**Exercise directions**
Would you give the listing again exactly, without its images?

**Data block**
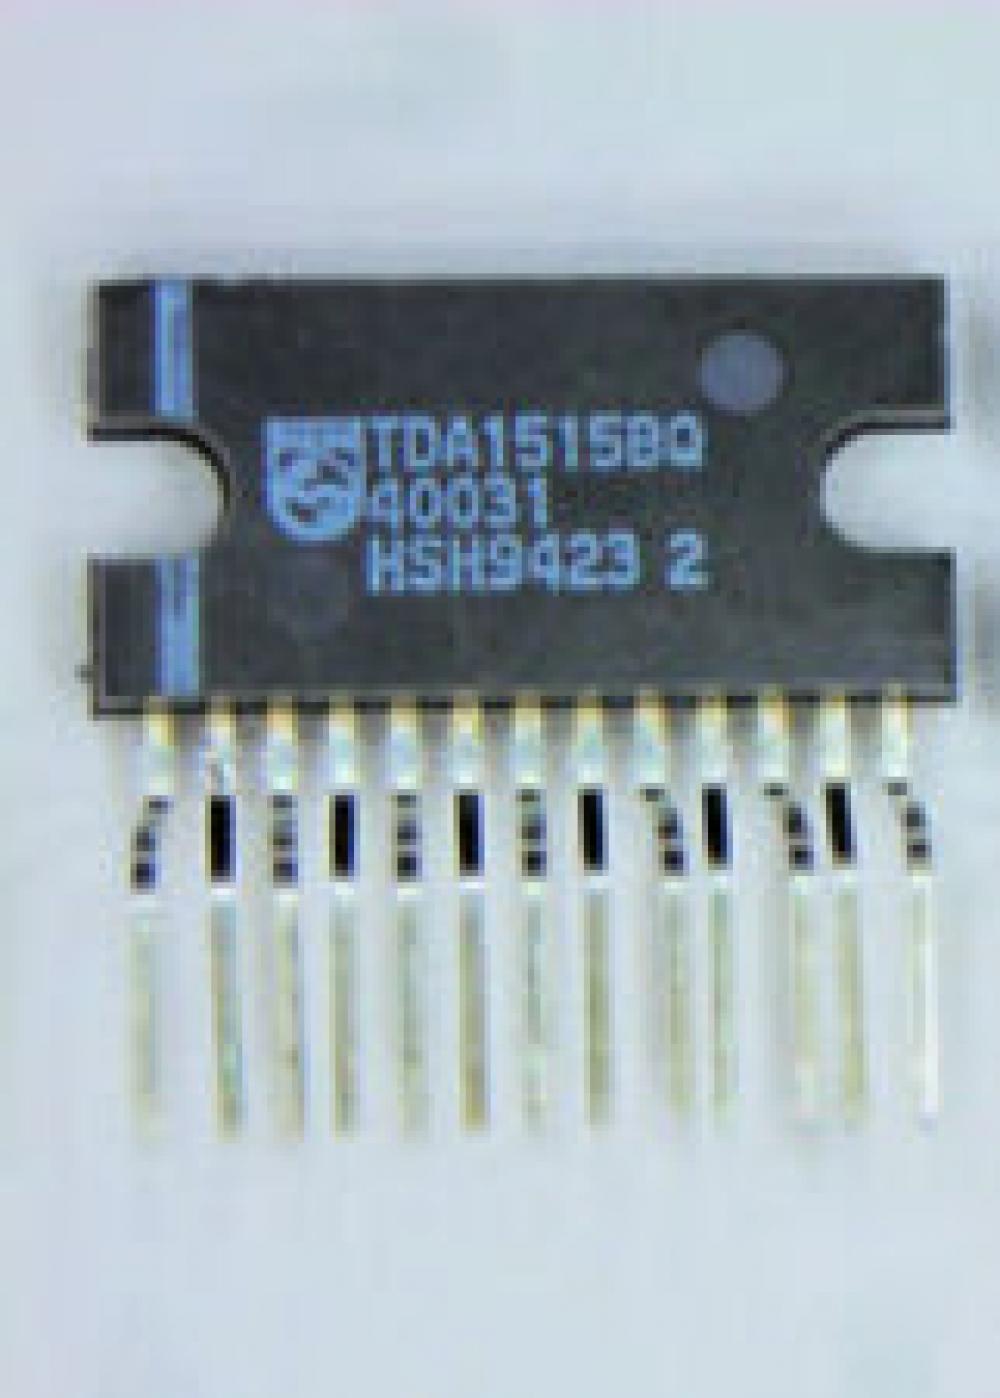 Tda1515bq Ic Integrated Circuits Ics 4000 Series Coastal Circuit
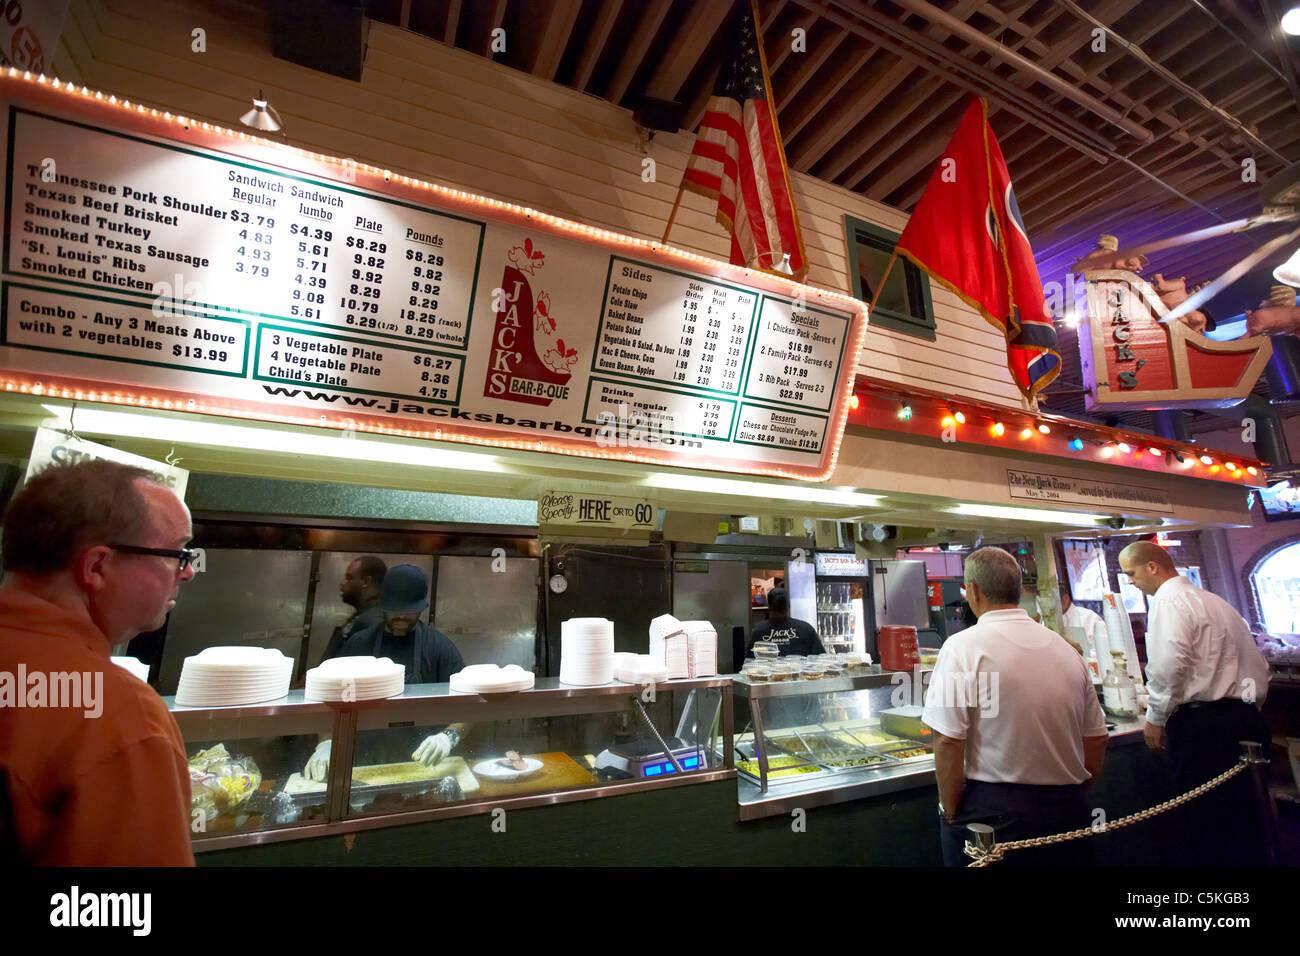 customers queue up at jacks bar-b-que nashville tennessee usa - Stock Image
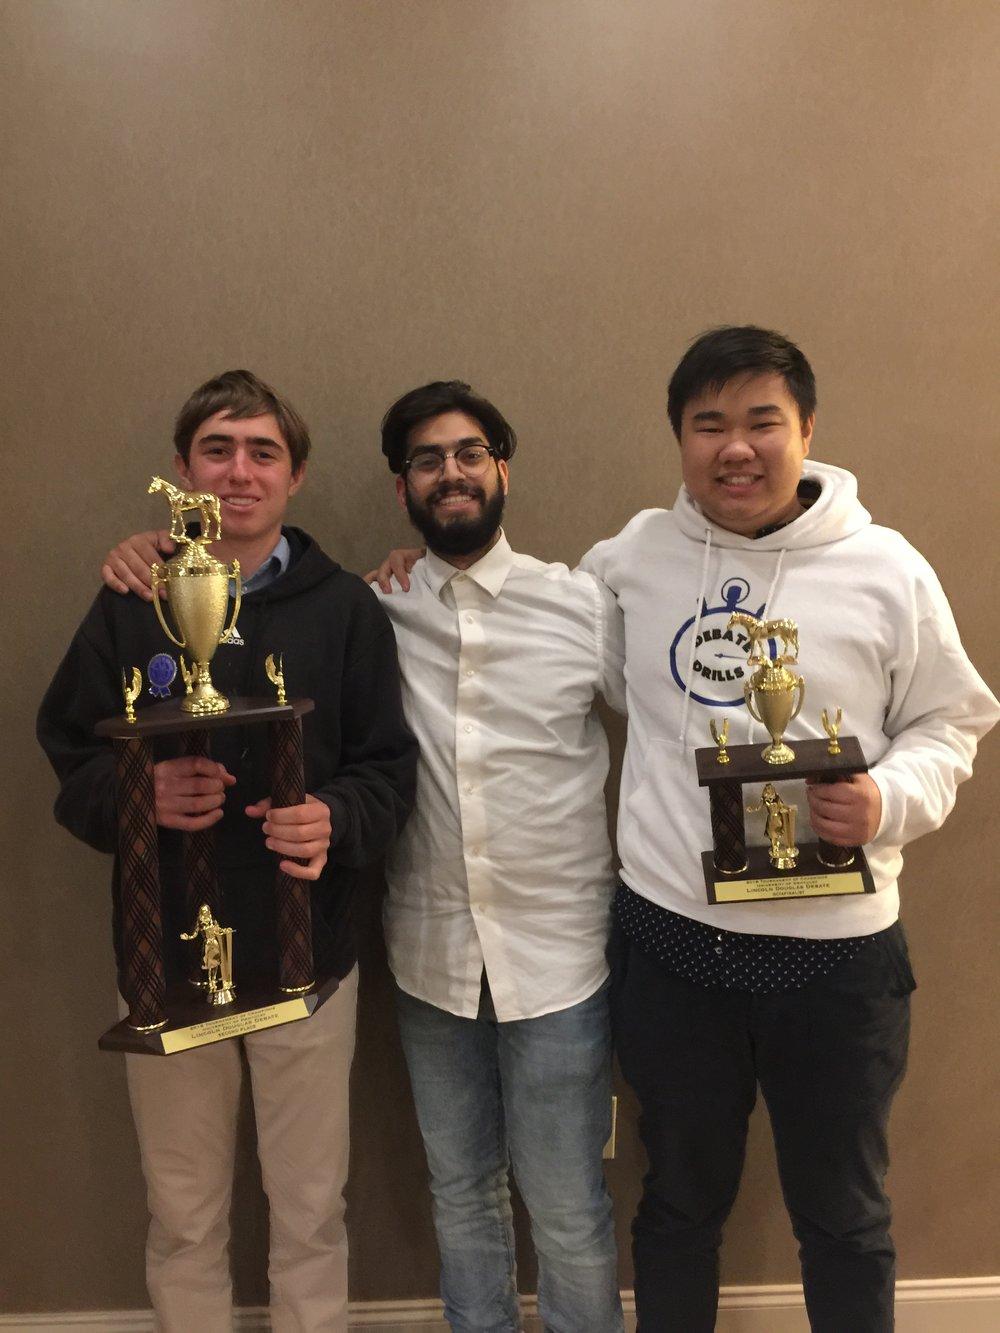 Rex Evans (Santa Monica High School) and Eric Deng (San Marino High School) celebrate a successful 2018 TOC.

**Response**
 Tda1515bq Ic Integrated Circuits Ics 4000 Series Coastal Circuit
 customers queue up at jacks bar-b-que nashville tennessee usa - Stock Image
 Rex Evans (Santa Monica High School) and Eric Deng (San Marino High School) celebrate a successful 2018 TOC.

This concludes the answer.